Exit Plan 3: Contract Nullification Through Legal Challenge
This is the exit plan that requires the most analysis and produces the most uncertain outcome, but when it succeeds, it succeeds completely. An MCA agreement that is reclassified as a loan may be subject to usury limits that render it void or partially unenforceable. An agreement that was fraudulently induced may be rescinded. A COJ that is vacated removes the judgment and opens the case to contested litigation in which the funder must prove its position.
The January 2025 settlement announced by New York Attorney General Letitia James, in which Yellowstone Capital and its network of affiliated entities resolved claims for over a billion dollars in restitution, illustrated the kind of misconduct that can void or reduce MCA obligations: undisclosed fees, misrepresented factor rates, and collection practices that exceeded what the agreements permitted. Businesses that dealt with funders engaged in similar conduct may have claims that attorneys have not yet evaluated.
Contract nullification is not available to every MCA borrower, and predicting outcomes requires a detailed review of the specific agreement and the jurisdiction’s current case law. What it provides when available is the cleanest possible exit: the obligation disappears rather than being restructured or settled.
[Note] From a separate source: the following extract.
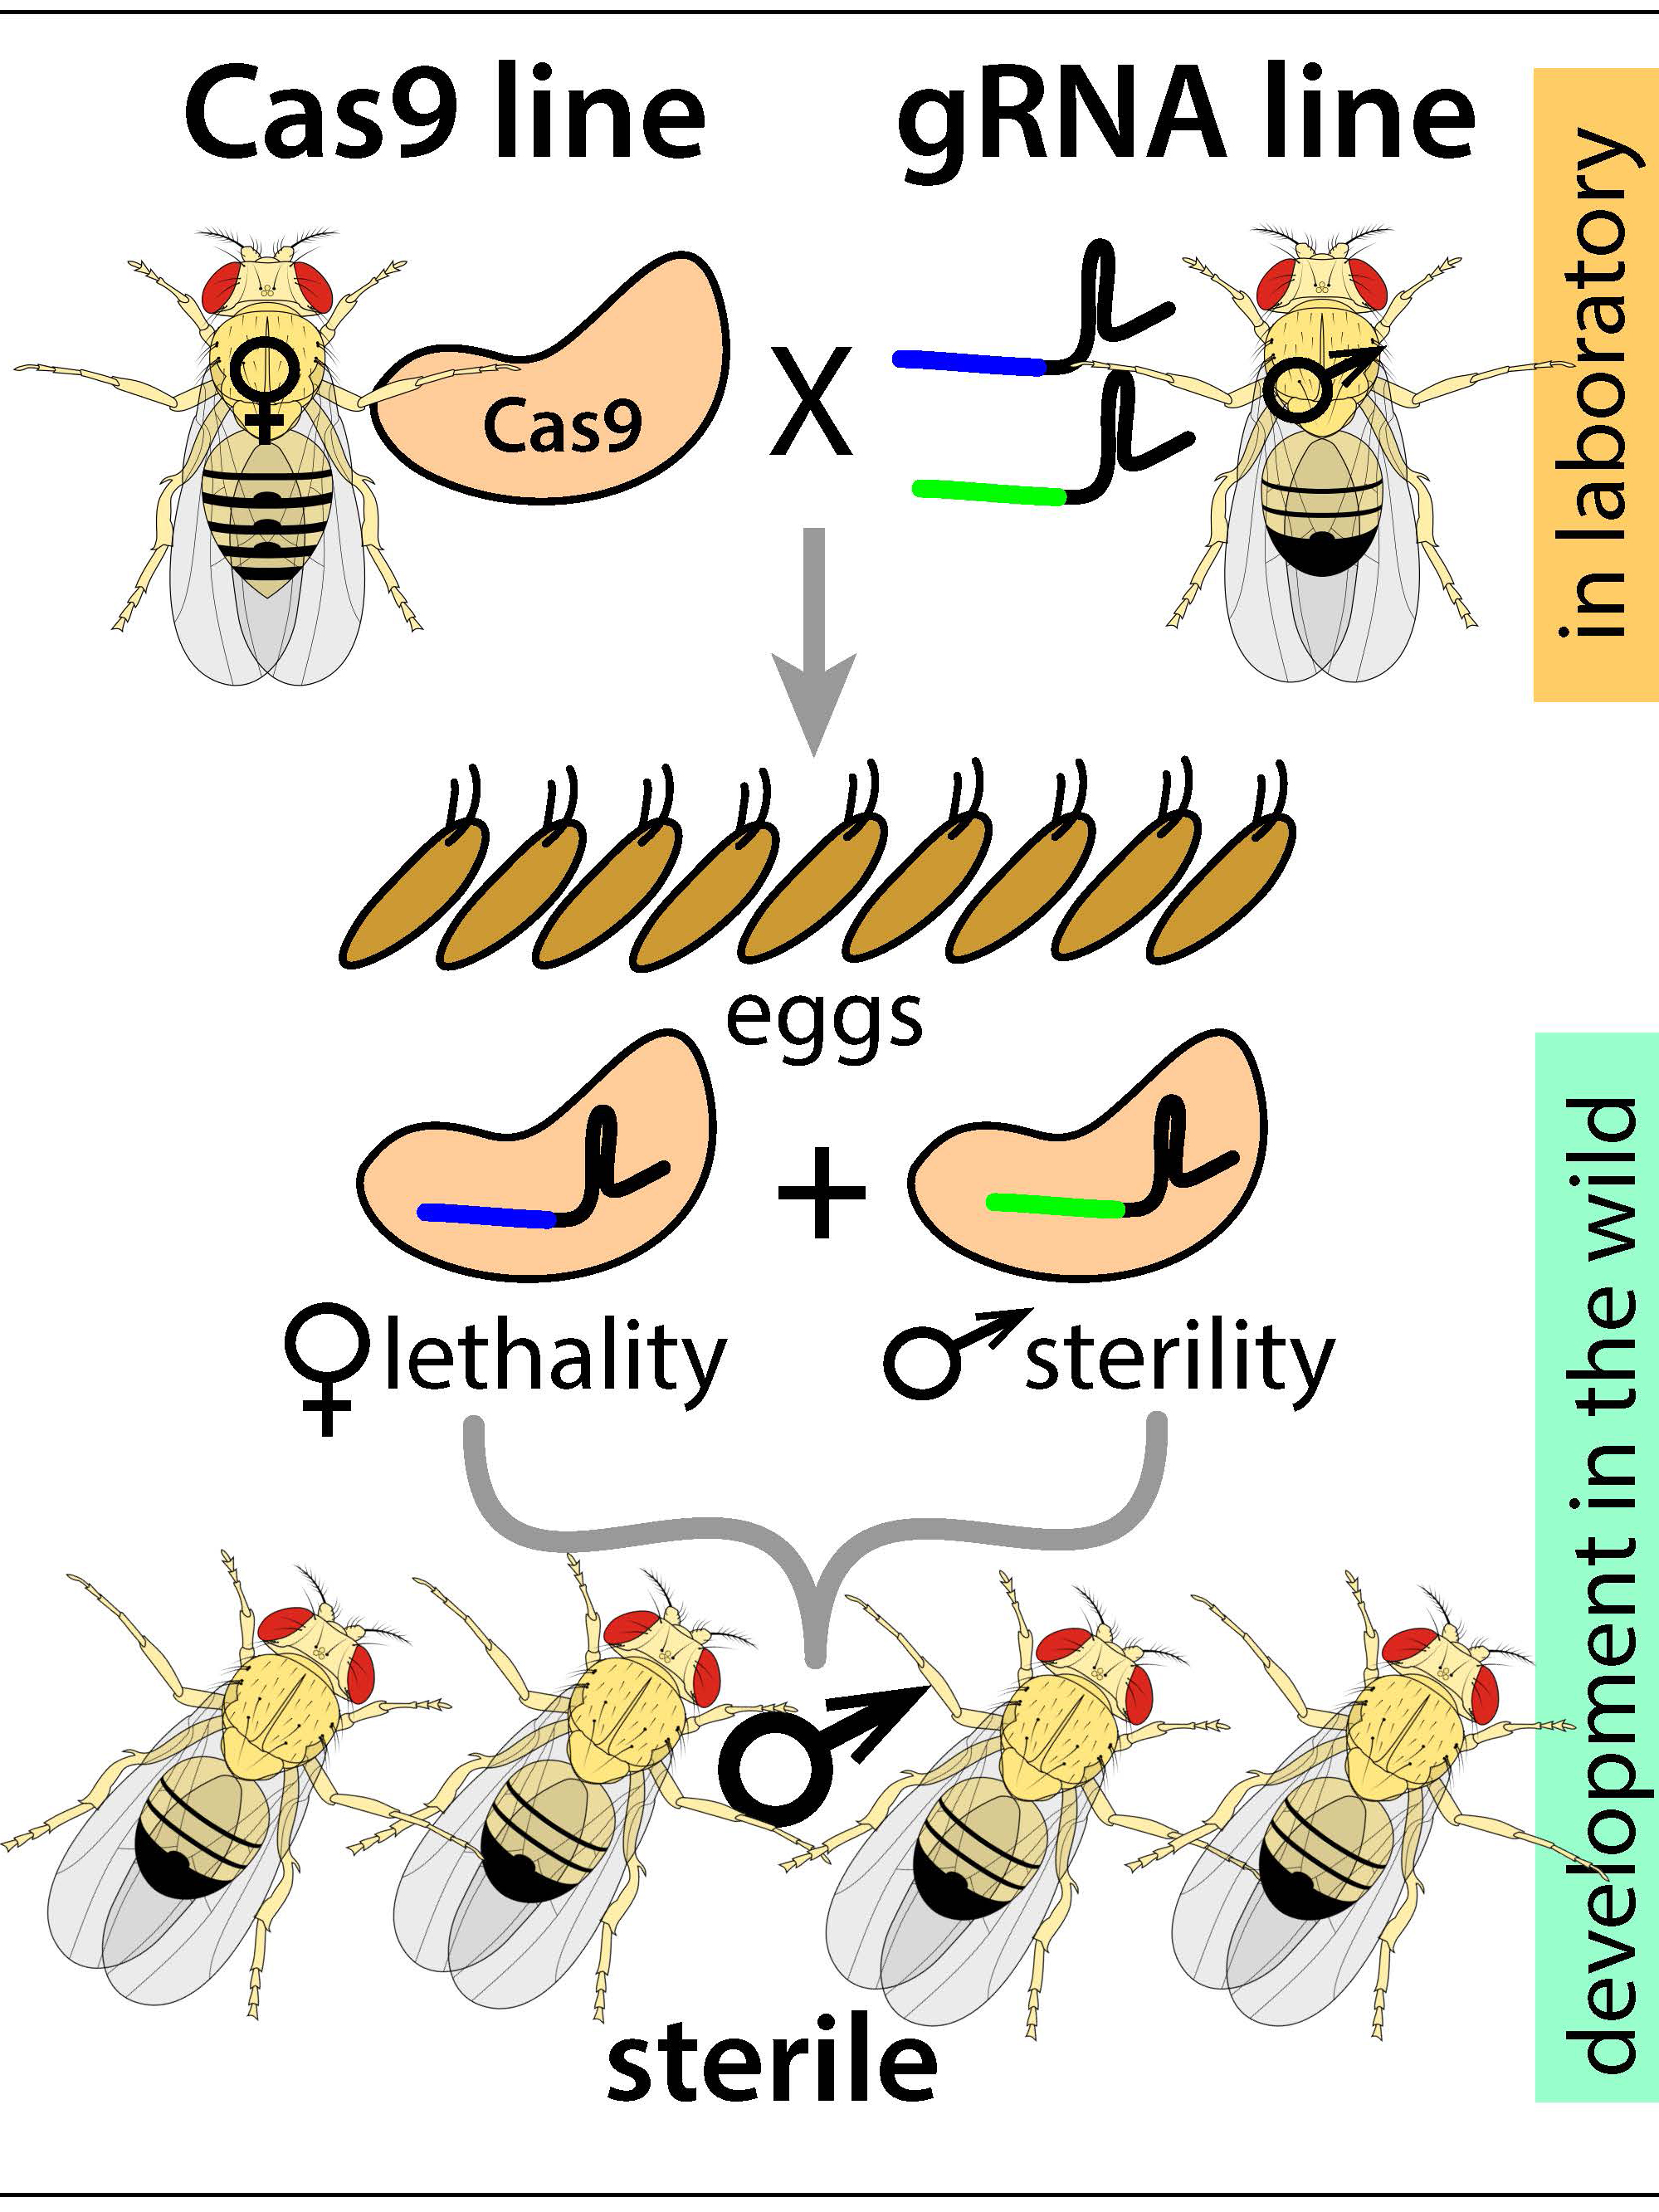 Precision-guided sterile insect technique schematic

Exit Plan 4: Refinance and Full Payoff
If the business can qualify for conventional financing, the MCA can be paid in full from the proceeds of a loan that carries a fraction of the cost. This is the cleanest exit for a business that does not need debt reduction, just debt replacement.
The constraint is qualification. A business in active default, with UCC liens attached to its receivables and a damaged credit profile, is unlikely to receive conventional loan approval at the moment it most needs the exit. This plan works for businesses that recognize they are approaching a problem before they are fully inside one, or for businesses that have successfully settled or resolved their MCA obligations and need financing to move forward.
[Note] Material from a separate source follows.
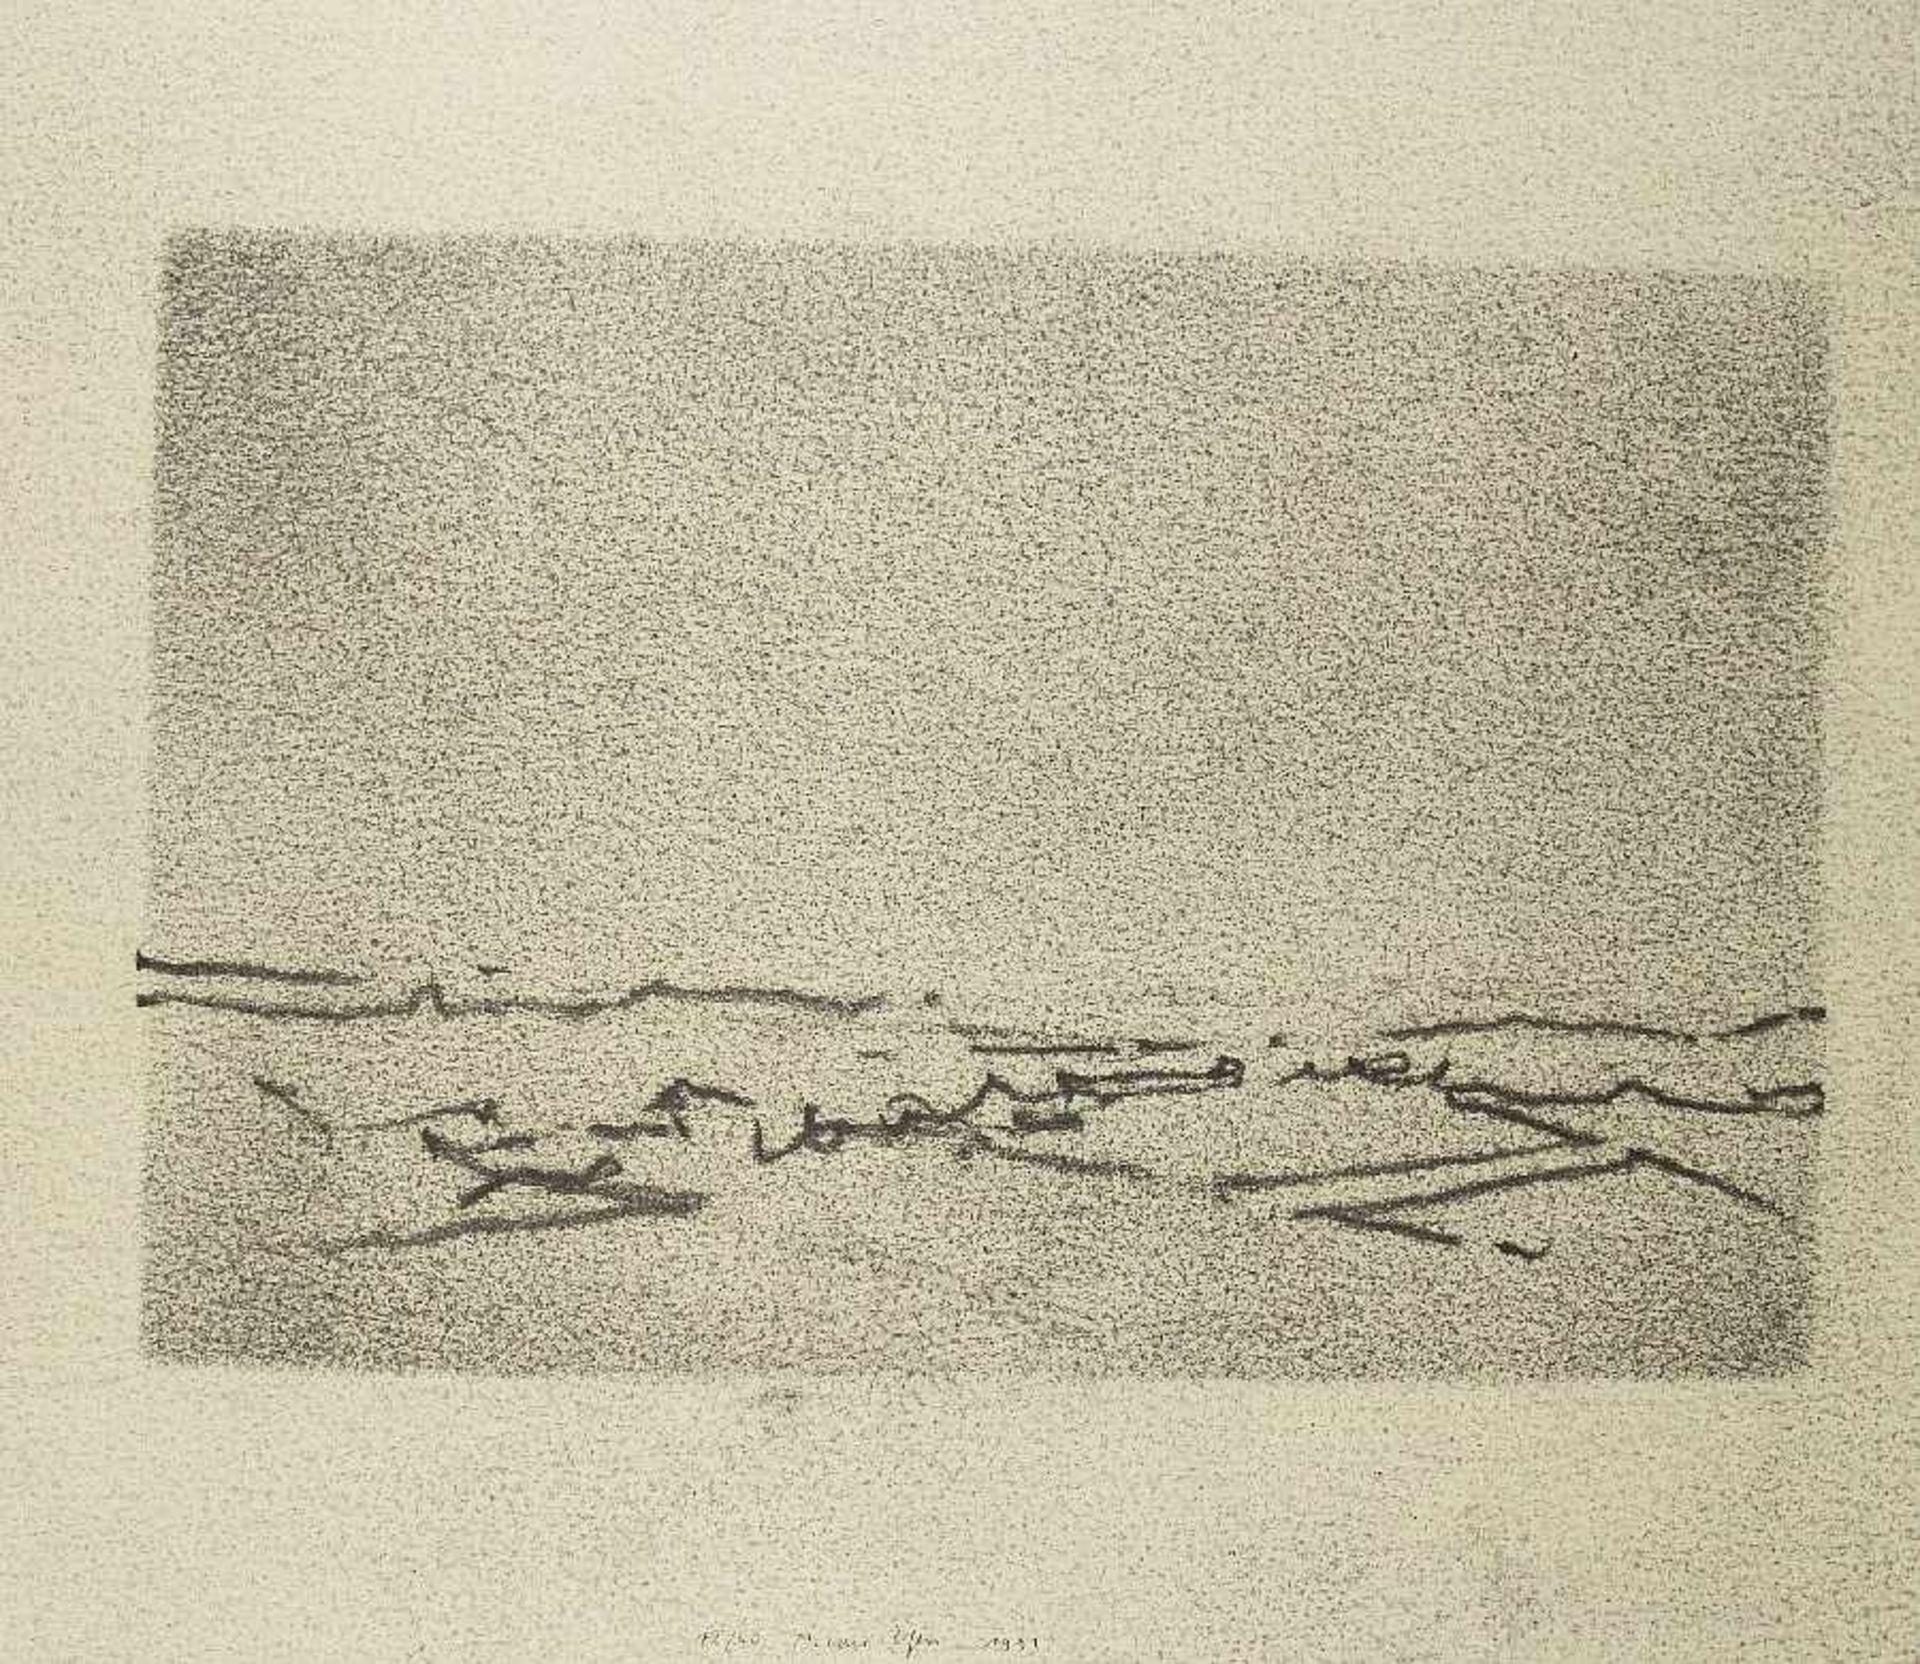 Andreas Gursky u. a. Landschaften (Mappe Kunstring Folkwang Essen) 6 Offsetlithografien auf Papier - Bild 3 aus 7

The businesses that refinance out of MCA debt are usually the ones that did not quite need to. That is not criticism. It is the shape of the available paths.
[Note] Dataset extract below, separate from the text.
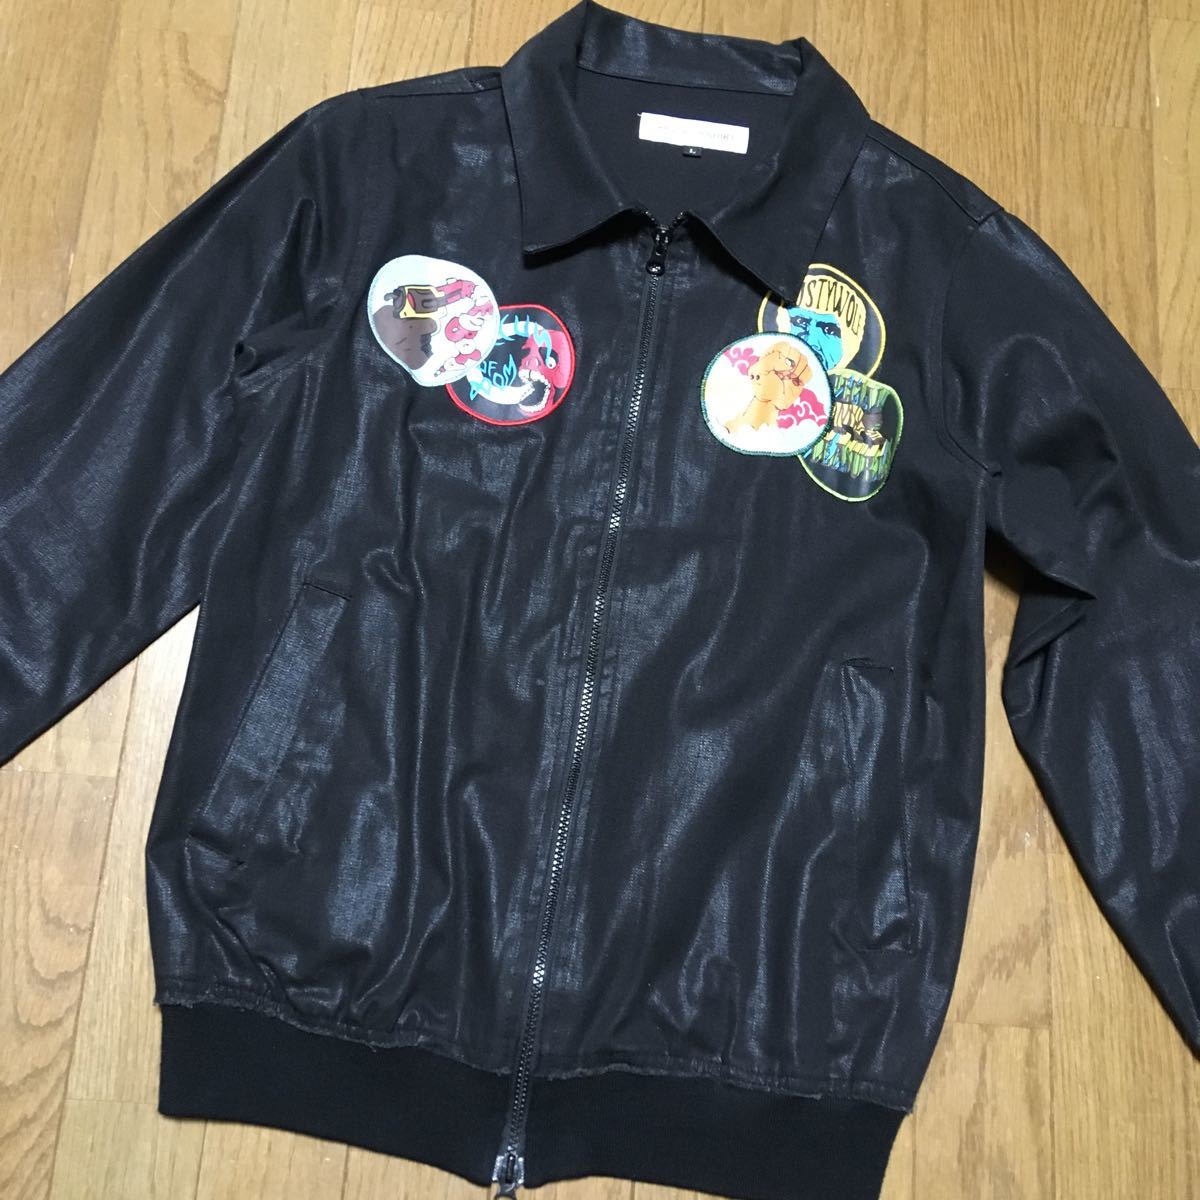  Comme des Garcons Japanese sovenir jacket badge flight jacket

Exit Plan 5: Managed Liquidation and Personal Protection
For a business that is not viable, the exit plan that matters most is not for the business. It is for the owner. Chapter 7 liquidation, with proper attention to personal guarantee exposure and the distinction between business and personal liability, can produce an outcome where the owner is genuinely free to start over rather than carrying judgment debt for years.
The approach requires honest analysis of the business’s viability before the default becomes unmanageable. A business owner who engages a bankruptcy attorney early, before multiple judgments have been entered and before assets have been depleted in a chaotic default, has more tools available. The automatic stay stops collection simultaneously across all creditors. The trustee-administered asset distribution produces a structured resolution rather than a race among creditors to attach whatever remains.
Liquidation is not failure. It is sometimes the most disciplined decision a business owner can make, and the outcome, when managed well, is meaningfully different from what an uncontrolled collapse produces.
Why Most Business Owners Reach for the Wrong Plan First
The plans that feel most accessible, calling the funder directly to ask for relief or engaging a settlement company seen in an online advertisement, are not the plans most likely to produce a durable exit. They are the plans that require the least preparation and the least legal knowledge, which is why they are most visible.
The plans most likely to produce a real conclusion, contract challenges, Subchapter V, structured liquidation, require assessment by someone who knows MCA law. That assessment is the beginning of the process, not an optional step. Consultation with an attorney is where the appropriate exit plan becomes clear.